Output only the lines that run from the line holding "H邸・ハンモックのゆれる、光" to the end of the data below, including both ends, without any pictures.

_DATA SHOWN_
'''

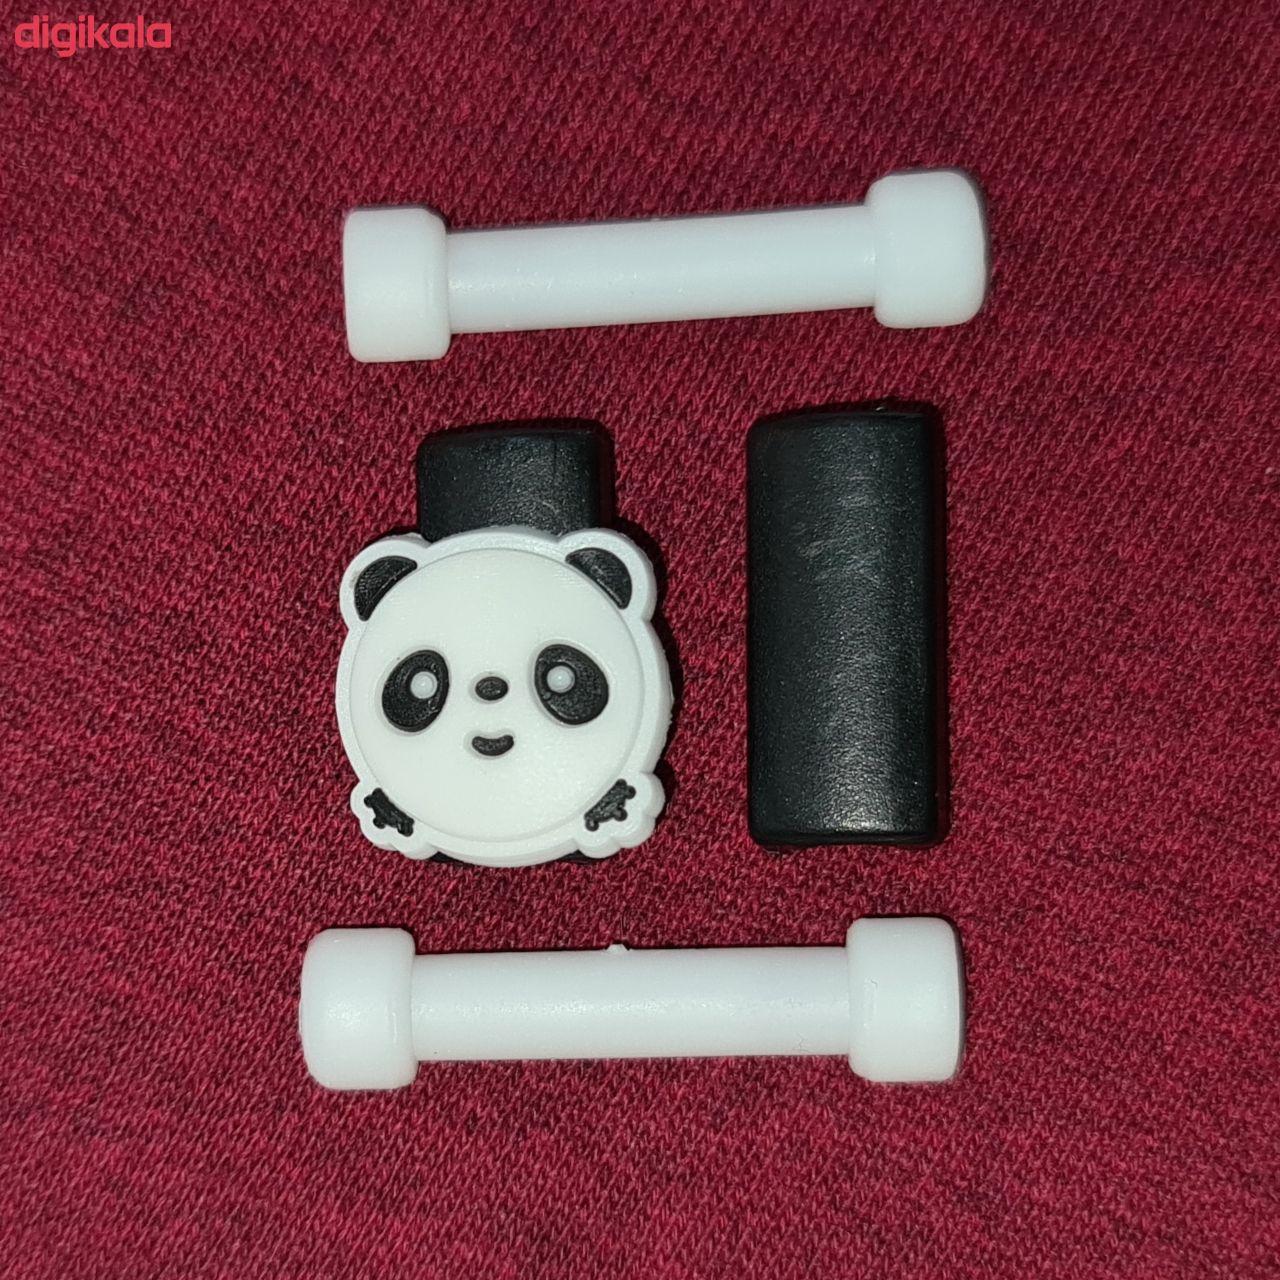 محافظ کابل مدل Panda K01 main 1 1
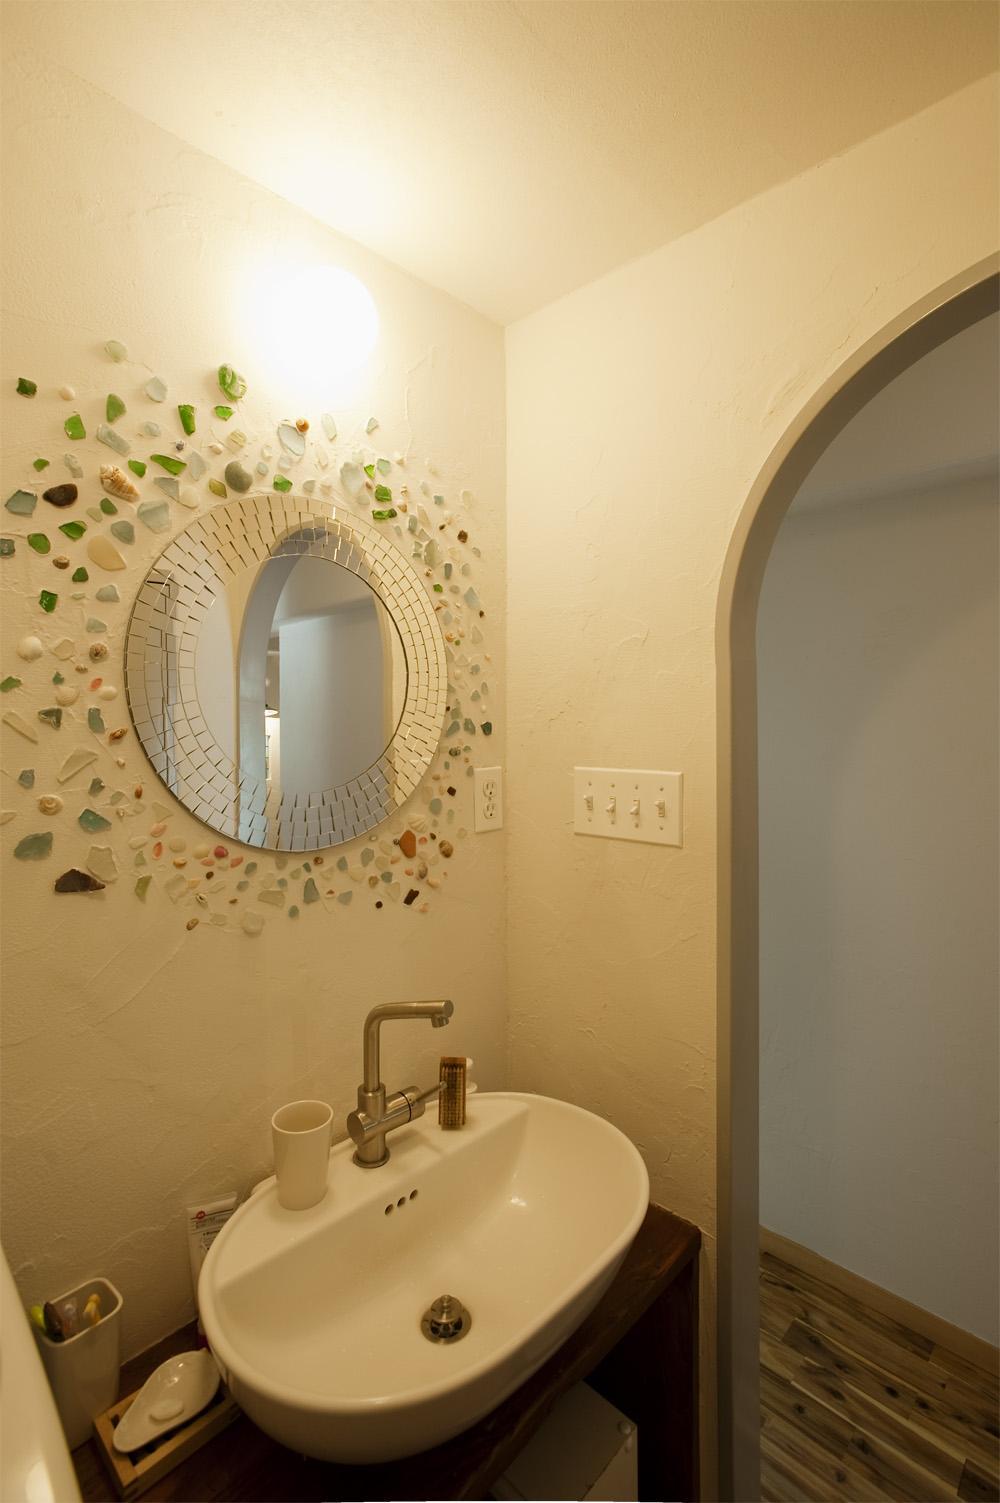 H邸・ハンモックのゆれる、光と風のリビングの部屋 丸鏡と貝殻がアクセントの洗面所
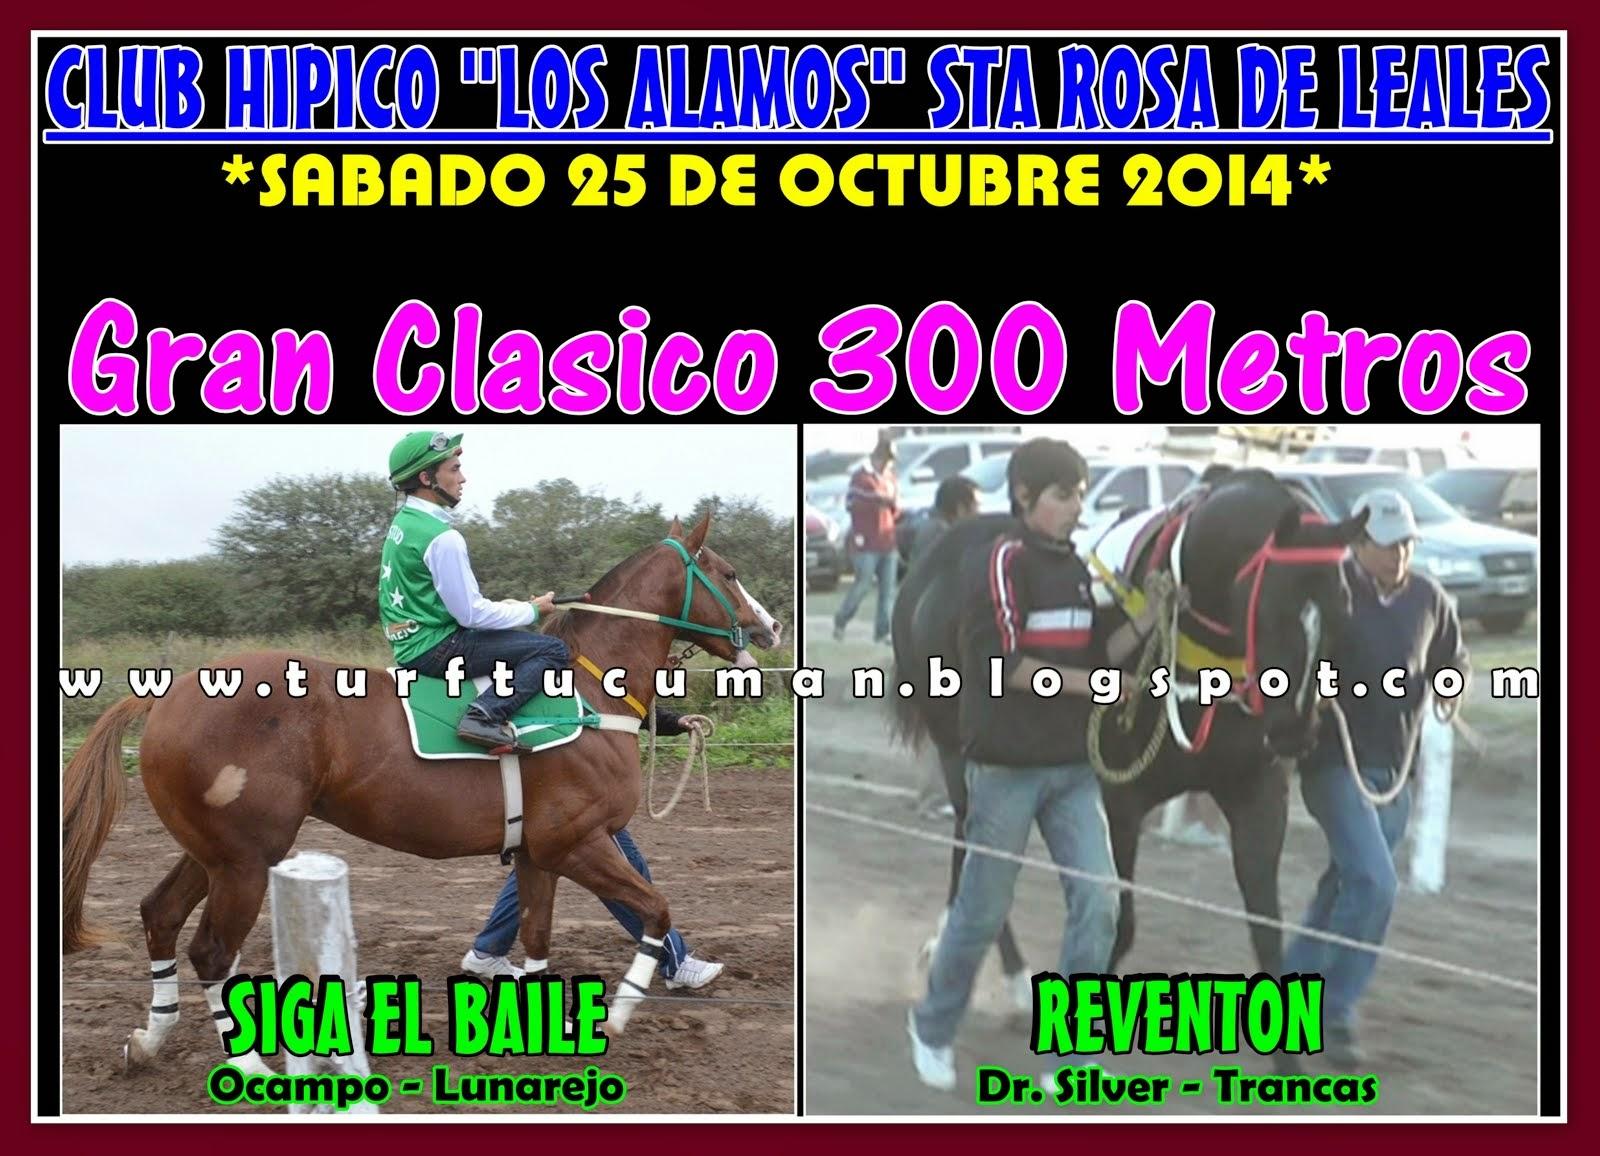 SIGA EL BAILE VS REVENTON

'''

_YOUR SOLUTION_
 H邸・ハンモックのゆれる、光と風のリビングの部屋 丸鏡と貝殻がアクセントの洗面所
 SIGA EL BAILE VS REVENTON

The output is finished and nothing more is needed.